If anytime he doesnt calm down after repeated attempts, get him to follow you outside, or call him to you and leave him in another room to calm down, again timing is important, it has to be long enough to calm down. Then let him out but you still totally ignore him, only when you are sure he is going to stay calm then you get him to sit, and give attention in the form of praise and rewards. if he starts again repeat the whole thing.

Does you or anyone in the house, play roughouse games especially at his level on the floor like play fighting? If so thats an absolute No no, it will just encourage mouthy biting behaviour, he will just see you as a playmate in the litter to mouth bite and jump on. Instead play controlled games, like getting him to sit and wait before he chases a ball or toy, encouraging to bring it back and drop to play again.

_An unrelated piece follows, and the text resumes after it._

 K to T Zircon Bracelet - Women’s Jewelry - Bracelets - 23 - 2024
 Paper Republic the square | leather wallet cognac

Playing games with Raggers can help if done the right way, You must decide though when to start the game, you continue to play, but if he starts to get rough, bite too hard and get carried away, or teeth touch skin even if an accident then you stop the game immediately it goes away until he is calm again. Then you decide when to commence it and finally when the games finished too. Again timings important. As soon as you see him get too exciteable stop. Wait long enough too before your re-commence play.

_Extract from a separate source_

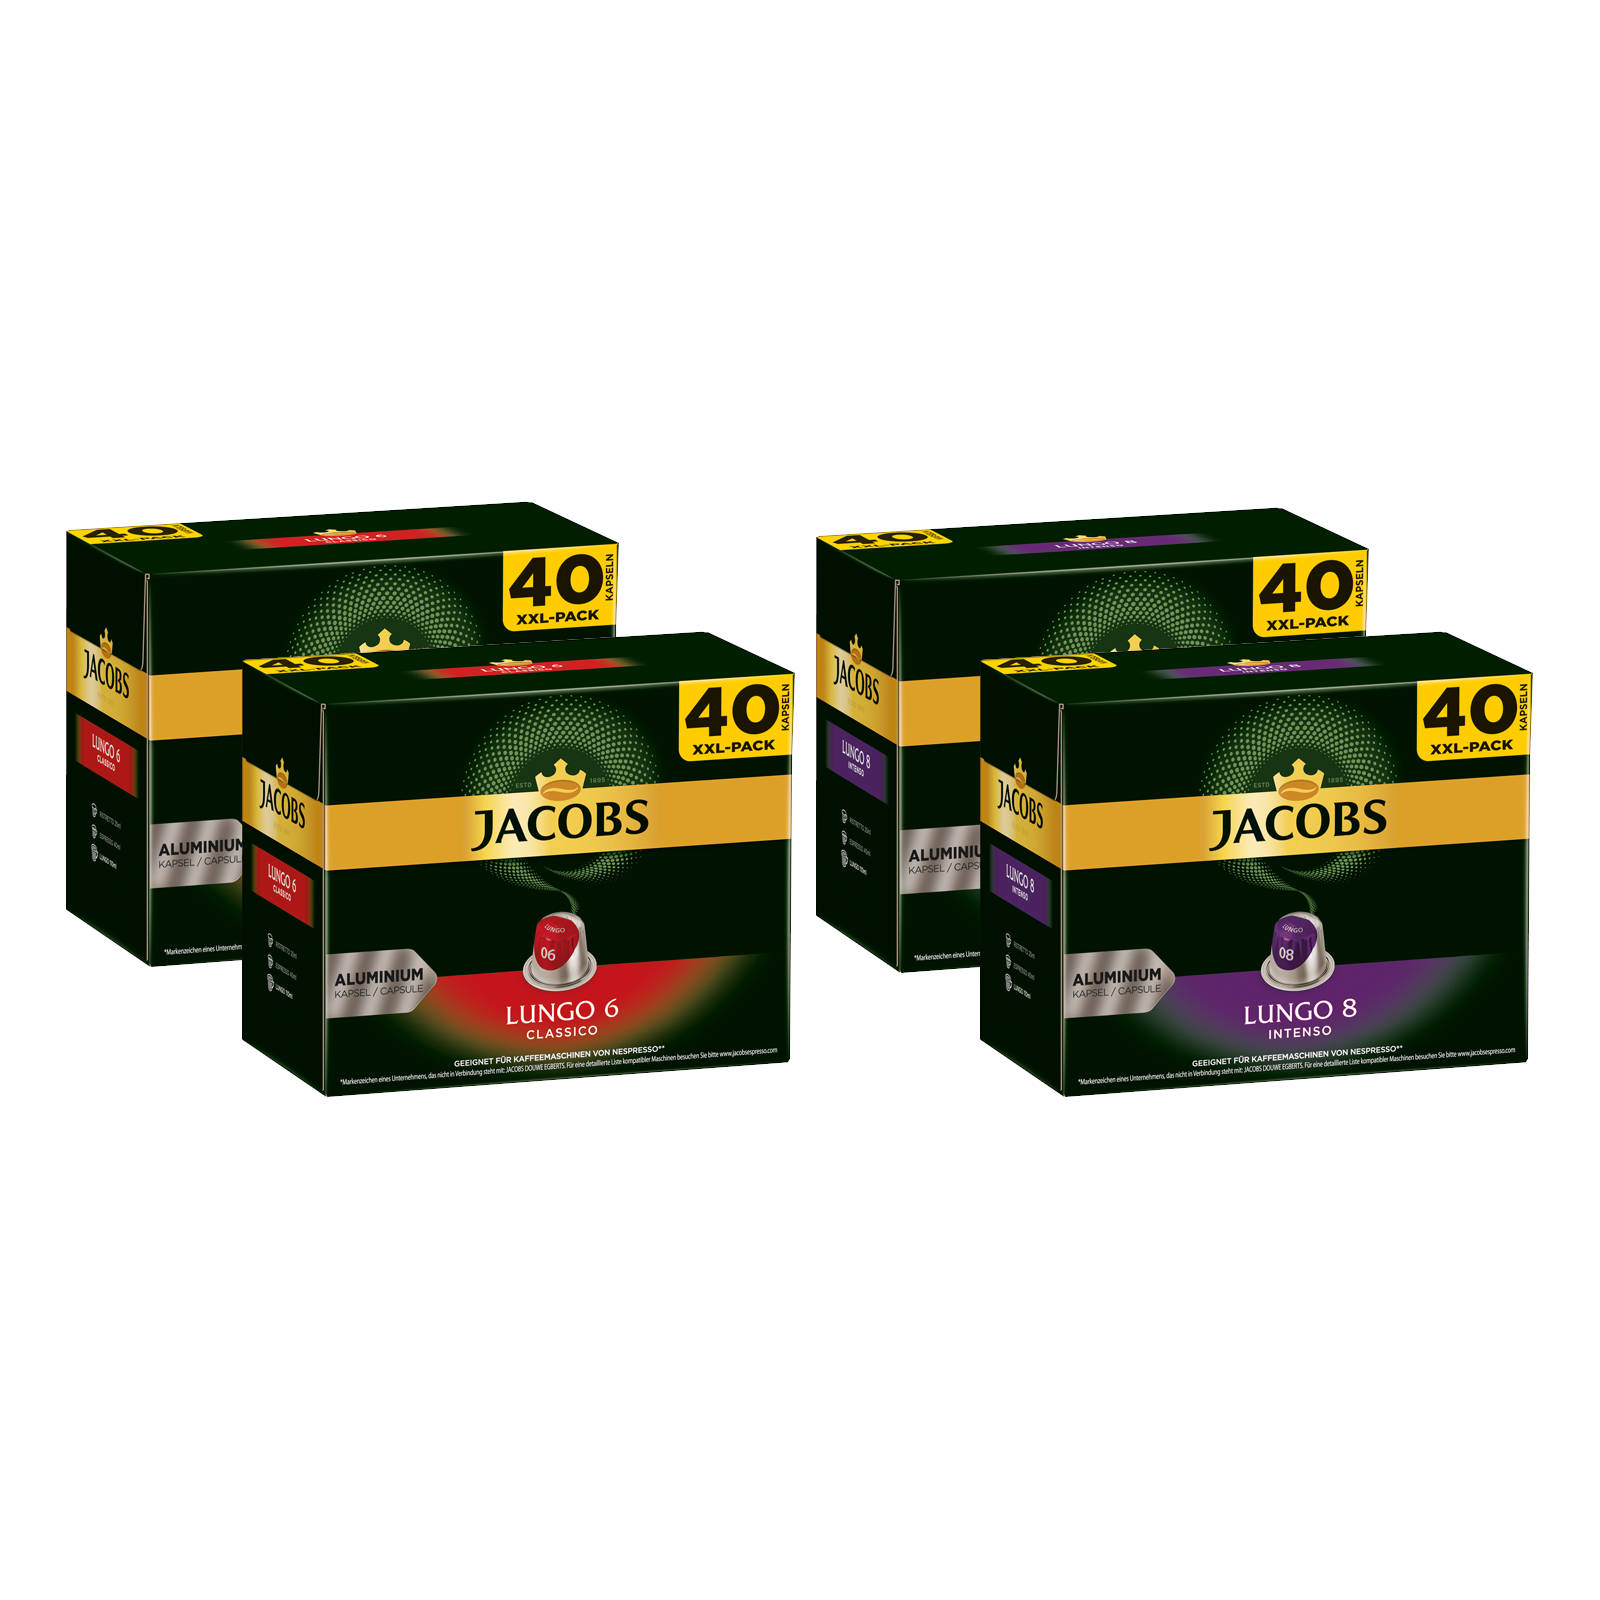 JACOBS Lungo 6 Classico + XXL-Packs kompatible Lungo Kaffeekapseln (Nespresso 160 8 Nespresso®* Intenso System)

Ive personally found that Mals are extremely intelligent and soon work out what it rewarding and whats not. You do have to be consistent and make sure though that their socalisation and training is ongoing.

Mine went to training classes and reached a good standard of obdience training and I think your will deffinately benefit. Welcome to APDT - Association of Pet Dog Trainers UK should find a trainer and class in your area.


----------



## Retri (Feb 22, 2012)

Sled dog hotel said:


> The more they get over excited the more they are likely to nip, also as a fast growing breed they also need rest too, if they dont again that can manifest in bad behaviour.
> 
> Malamutes will try it on and push their luck and if you give into them the more he will likely do it, however just telling off isnt enough. Mals need early socialisation and training. They respond best to firm but fair handling,
> the best way to train a Malamute is to convince him it was his idea in the first place and get him to want to do it, by doing as you ask is more rewarding then not.
> ...


thanks, thats a big help, we are booked in for puppy classes so hopefully that will help, he was alot better last night, I tried letting him mouth me and pulling away when he bit too hard, but he didnt seem to interested in having my hand in his mouth when I allowed it lol, i also played with him for a bit (I was on the sofa and him on the floor in front of me) I know people say not to play tug games but I made sure I always ended up with the toy and tried teaching him 'off' with some treats, there were still a few accidental nips which I let slide, ill be sure not to in future.


----------